The idea was to maintain a pool of instances for each microservice in the “hot” reserve. When we are ready to migrate, we simply inject the “hot” reserve into clusters to accept the current traffic.
An unused reserved tank is called a “trough”. Some Netflix development teams sometimes use a part of the “feeder” for their batch jobs, so we simply cannot take it
entirely into a hot spare. But you can maintain a shadow cluster for each microservice, so that at every time of the day there are enough instances to evacuate traffic, if such a need arises. The remaining instances are available for batch jobs.
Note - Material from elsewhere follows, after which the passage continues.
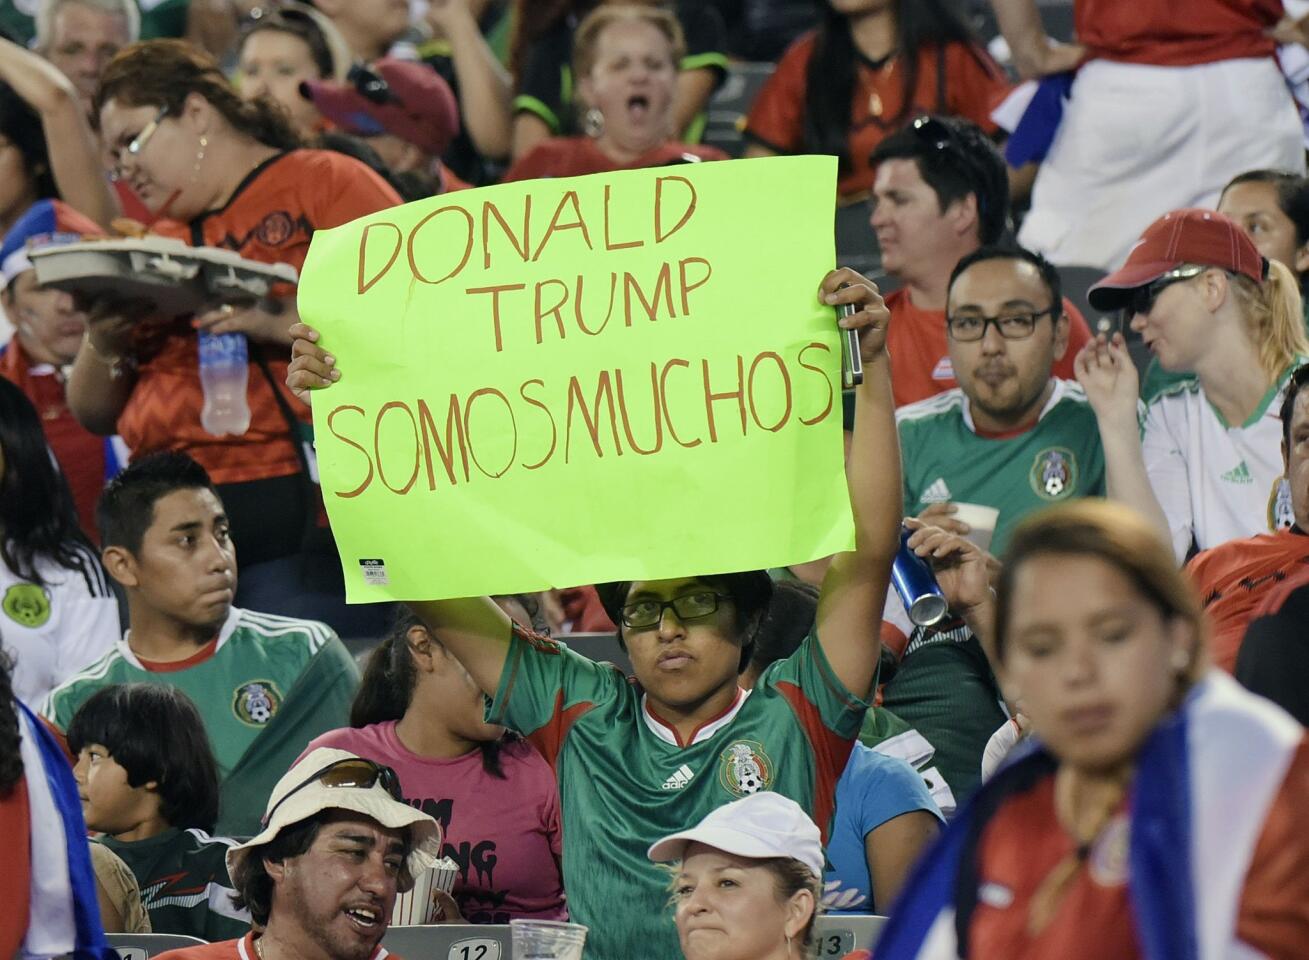 A fan holds a sign during the second half of a CONCACAF Gold Cup soccer match between Mexico and Costa Rica Sunday, July 19, 2015, at MetLife stadium in East Rutherford, N.J. (AP Photo/Bill Kostroun)

During the evacuation, instead of traditional AWS scaling, we inject instances from a shadow cluster into a working cluster. The process takes about four minutes, in contrast to the previous 35.
Since such an injection is fast, you do not need to be carefully moved using a proxy so that the scaling rules have time to react. We can simply switch DNS - and open the gateways, thereby saving a few more precious minutes during idle time.
We added filters to the shadow cluster so that these instances do not fall into the metrics reports. Otherwise they will pollute the metrics and bring down the normal working behavior.
We also removed the UP registration for the instances from the shadow clusters, changing our discovery client. Instances will remain in the shadows until evacuation begins.
Now we make a failover of the region in just seven minutes. Since the existing reserved capacity is used, we do not incur any additional infrastructure costs. Failover software is written in Python by a team of three engineers.